O’Neill continued to “stand by” the cops, who he said were cracking down on quality-of-life issues.
“They were addressing the conditions we asked them to address,” said O’Neill of officers Bramlin Rosa and Jeffrey Mota, who were responding to complaints that Aaron Grissom and Sydney Williams were smoking on and blocking the steps of a Washington Heights subway station.
“Your newspaper and a few other newspapers point out quality-of-life conditions all the time. So we’re asking cops to do this and from what I see so far, absolutely I stand by them.”
One of the men — both of whom have extensive arrest histories, including for fighting with cops — has been charged, and the officers’ actions are being probed by the department’s Internal Affairs Bureau.
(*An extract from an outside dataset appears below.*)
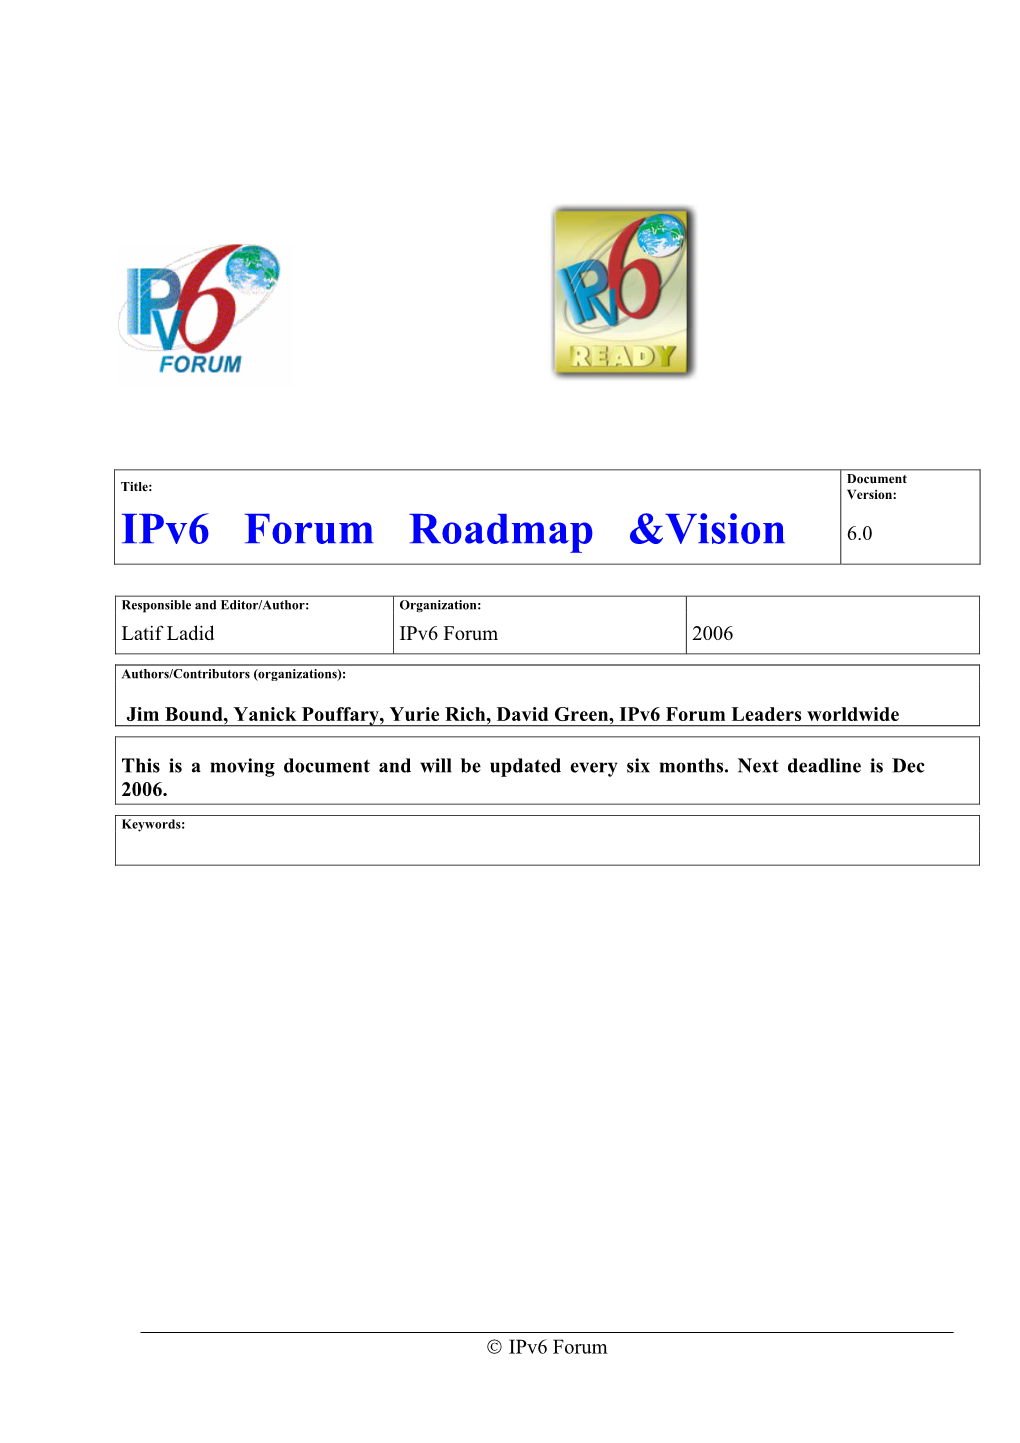 Ipv6 Forum Roadmap & Vision 2010

O’Neill said that the investigation is appropriate, but that such run-ins could be part of the cost of keeping the city safe.
“If there’s some issues as we go through with IAB — maybe we’ll require re-training or something more — then so be it,” he said.
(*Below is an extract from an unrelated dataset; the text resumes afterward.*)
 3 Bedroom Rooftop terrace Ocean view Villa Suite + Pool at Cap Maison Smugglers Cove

“But right now I think it’s to the benefit of all NYPD cops and all New Yorkers that we stand by these two cops because look at who they locked up and look at their history.
“You can’t resist a cop. You can’t punch a cop,” O’Neill said. “You have to respect the police.”
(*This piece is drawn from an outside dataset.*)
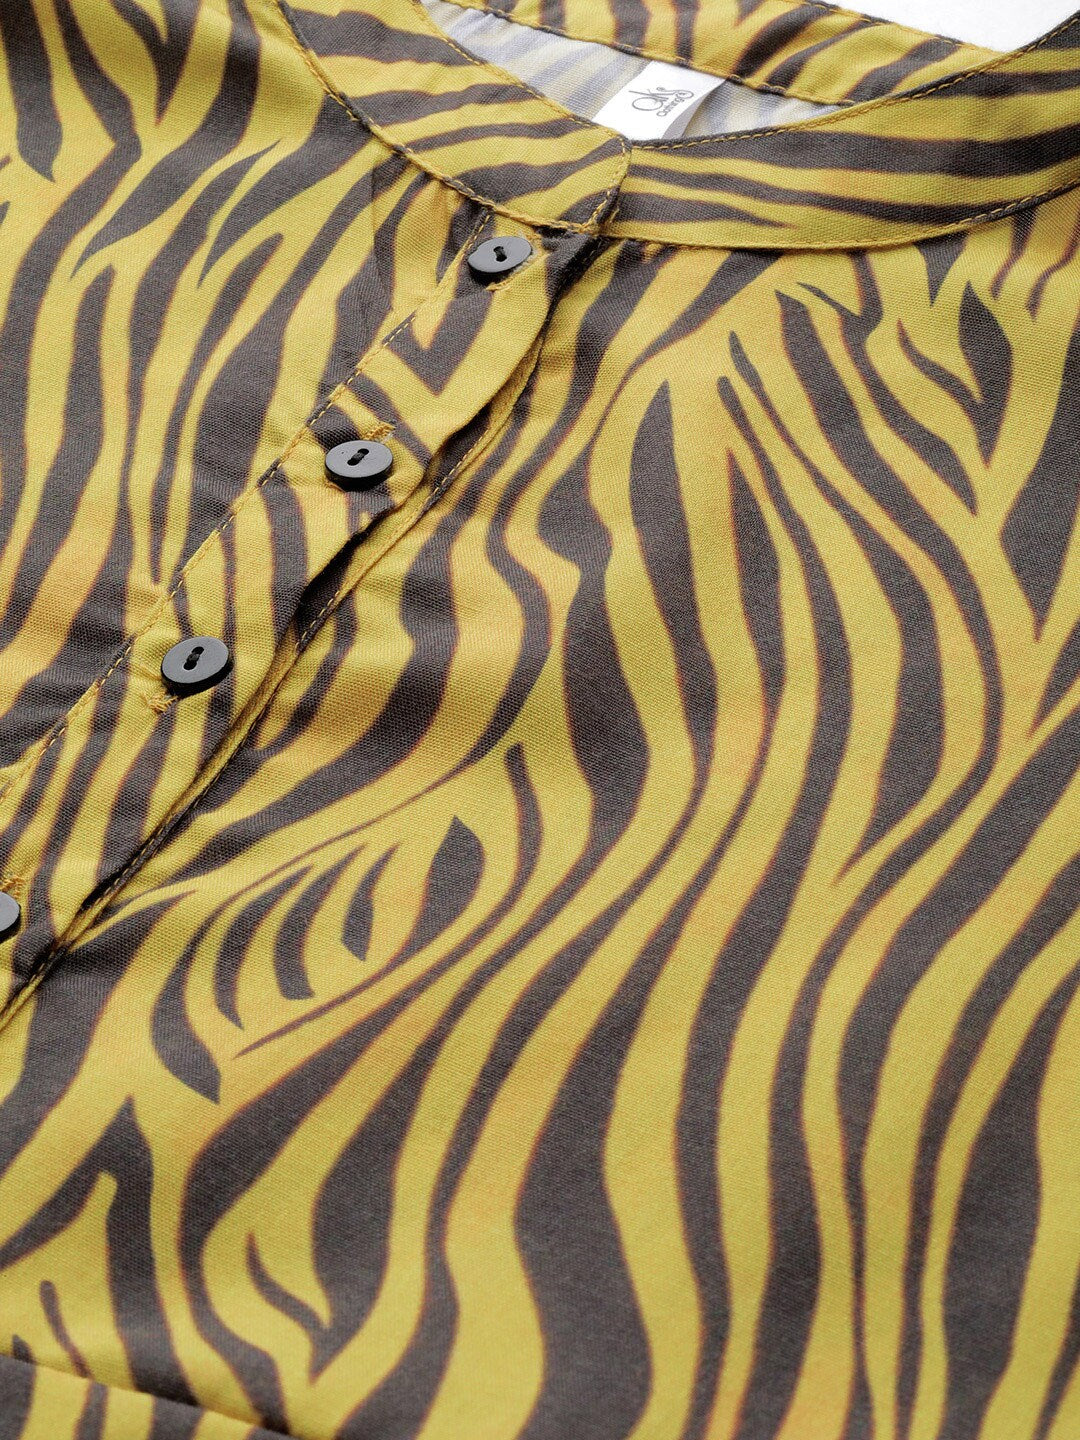 Yellow Zebra Print Dress

That “fairly constant” lack of respect is one thing, O’Neill said, that cops faced long before he joined up, and will face long after he’s gone.
“There are certain people that don’t like police officers for whatever reason,” he said. “It’s difficult at times when people are hurling vitriol at you. It’s really difficult. But you get good training . . . You have to try to keep your cool.”
Today’s grueling, months-long gauntlet of academy training is one of the biggest changes O’Neill says he’s seen in his 36 years with the department.
“There wasn’t a lot of field training” when O’Neill joined up in 1983, inspired by his cop uncle, Bill Reedy. “We had a couple hours of training and then we were on our own.”
Another crucial change, O’Neill said, is the advent of modern technology, including body cameras, license plate readers and the ShotSpotter gunfire detection system.
Those factors were instrumental in leading the city to another year of crime numbers so low they would have been unthinkable earlier in O’Neill’s career, the top cop said.
The department tallied fewer than 300 homicides for a second consecutive year in 2018, and now has a murder rate of 3.4 per 100,000 residents, O’Neill said.
When the NYPD started keeping track in 1990, O’Neill said, the rate was 30 per 100,000.
“I’m not a big legacy guy,” he repeated. But “I’d like to say when I do leave that we were able to make the city as safe as possible.
“I think the basic job hasn’t really changed. That’s being able to communicate effectively and to help people,” he said. “I don’t think that part will ever change.”